Они проникли в помещение — типовую квартирку-студию, залитую утренним солнцем. Поскрипывал под ногами рассохшийся паркет. На оклеенных светлыми обоями стенах — ни картин, ни фотографий. Слева — уголок, отведенный под стерильно чистую кухоньку.
Вообще вся квартира сияла чистотой.
Безупречной чистотой.
Как в операционной.
Жан-Мишель указал пальцем на открытую балконную дверь. За ней спиной к ним сидел в шезлонге мужчина. «Кающийся грешник» красноречивым жестом развел руки: не больше десяти минут. И отступил на цыпочках, оставив Януша в паре метров от человека, которого он безуспешно искал последние двое суток.

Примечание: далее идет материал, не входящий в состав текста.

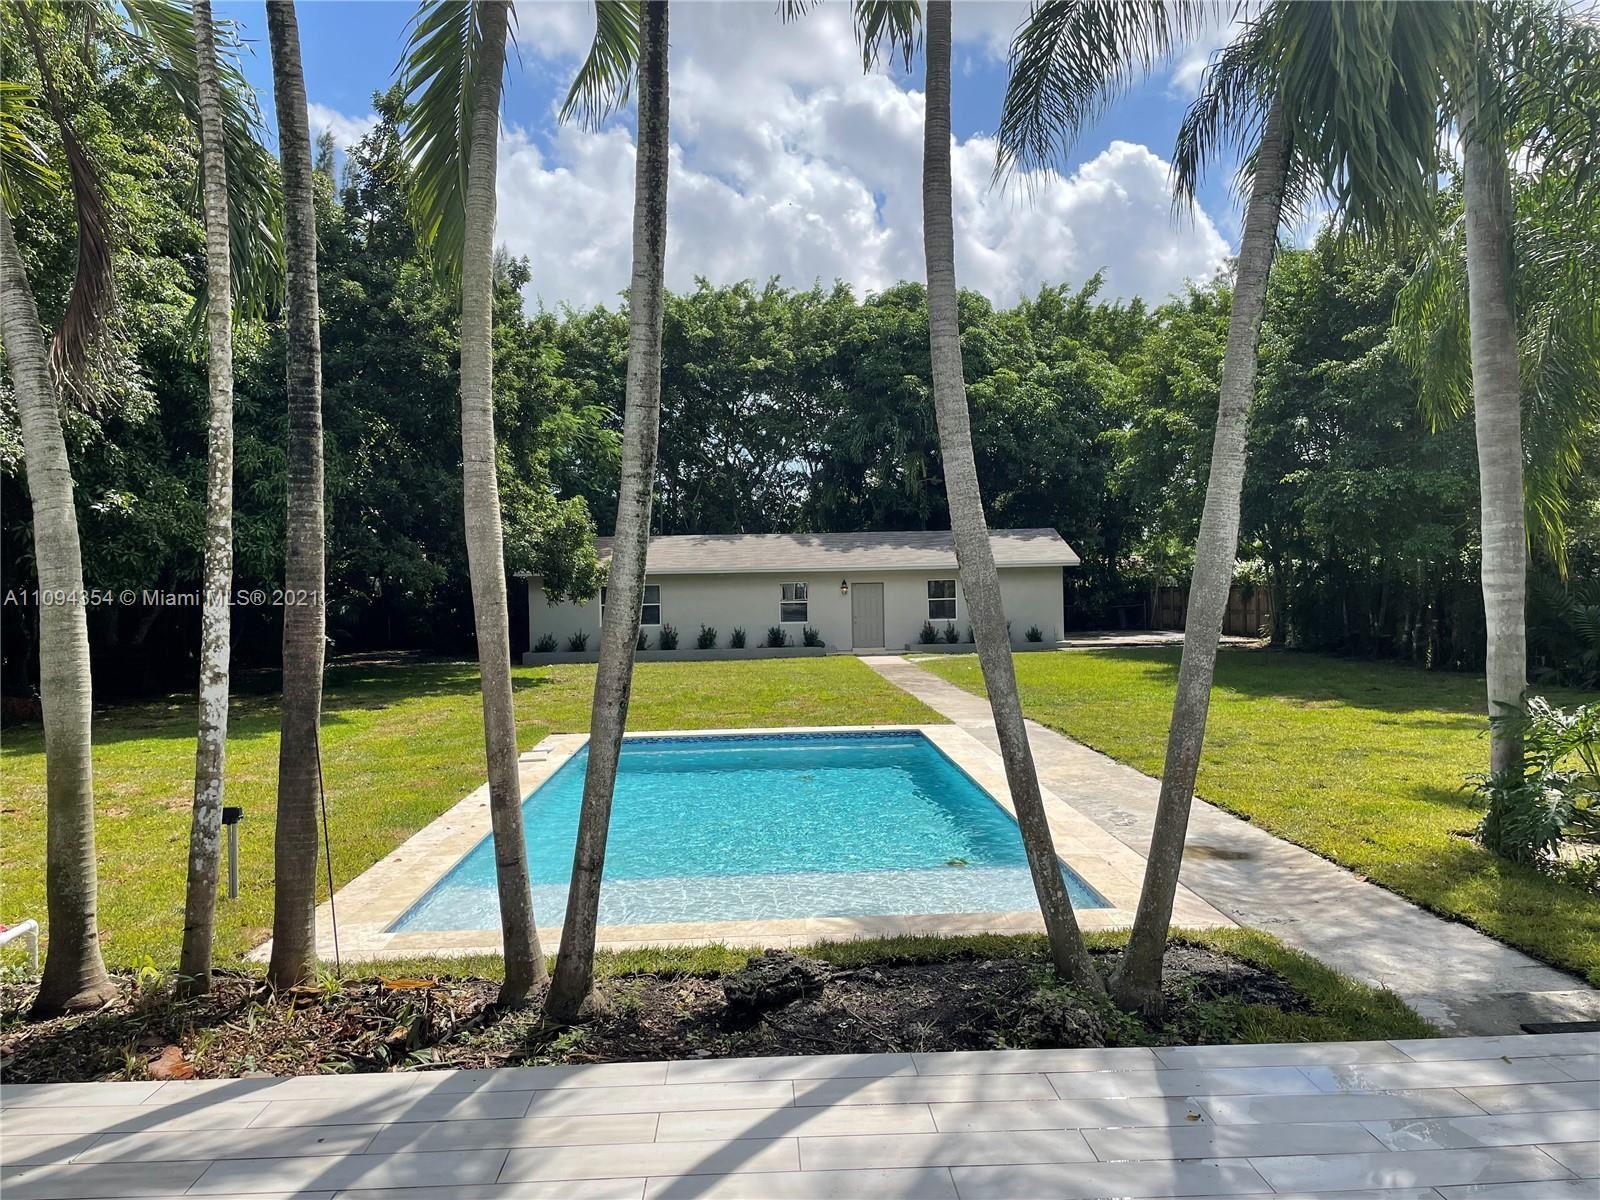 8472 Miller Dr, Miami, FL 33155 - #: A11094354
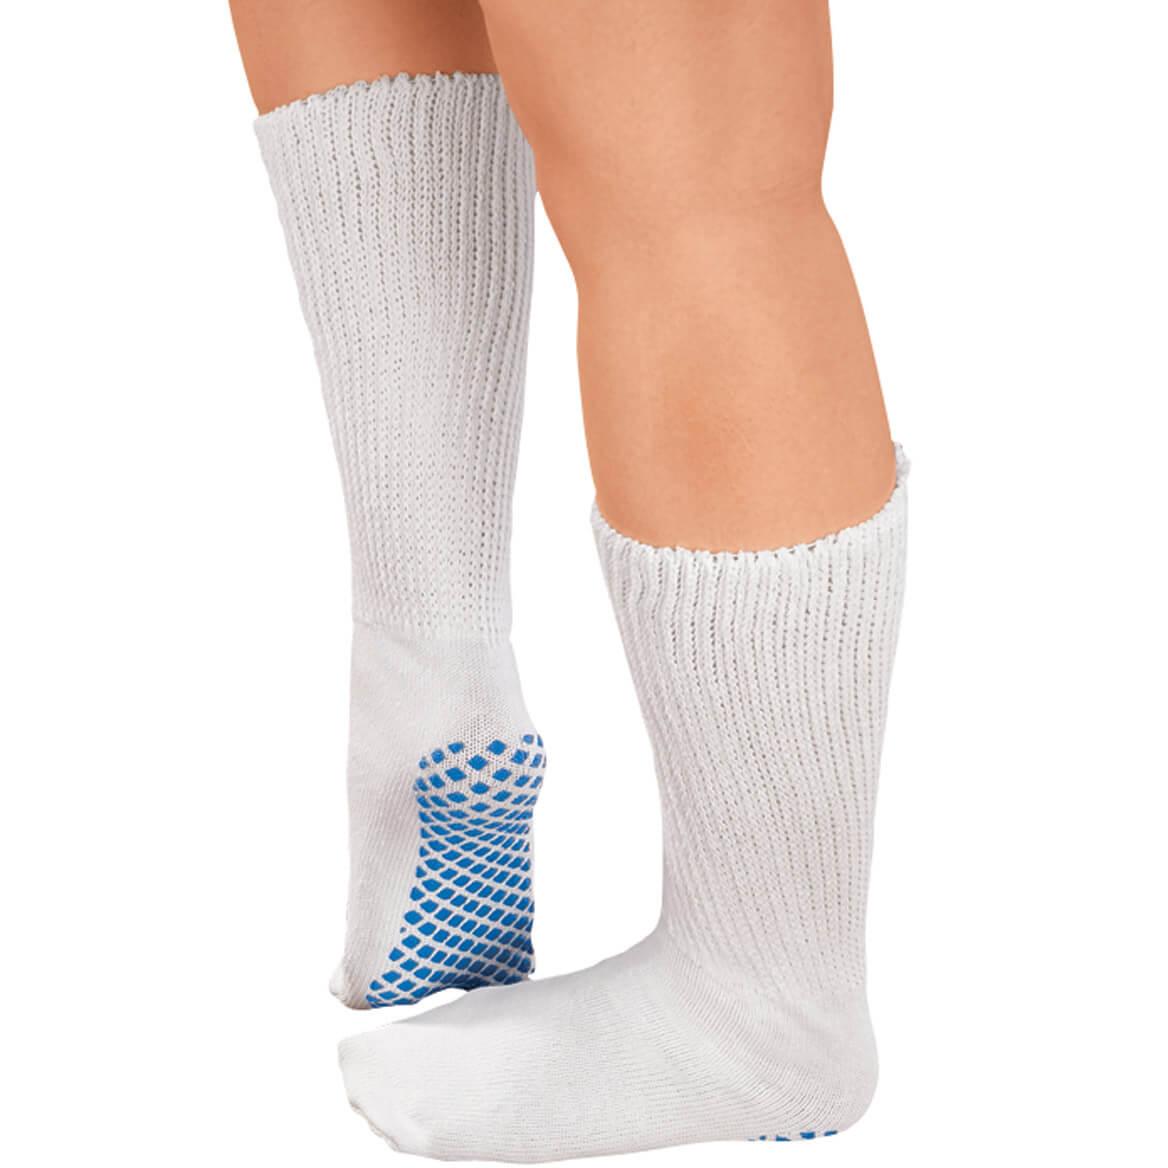 Diabetic Slipper Socks With Gripper Soles-336019

Януш, не выпуская из рук портфеля, прошел вперед. Кристиан Бюисон, до подбородка укрытый пледом, сидел, подставив лицо солнцу. Балкон выходил на улицу. Широкого обзора отсюда не открывалось — мешал стоящий напротив жилой дом. Звуковой фон обеспечивали проезжавшие мимо автомобили и дребезжащие трамваи.
— Привет, Жестянка.
Старик не пошевелился. Януш шагнул через порог и стал напротив него, облокотившись о перила. Бюисон поднял глаза, в которых не мелькнуло ни тени удивления. Выглядел он ужасно — не человек, а ожившая мумия.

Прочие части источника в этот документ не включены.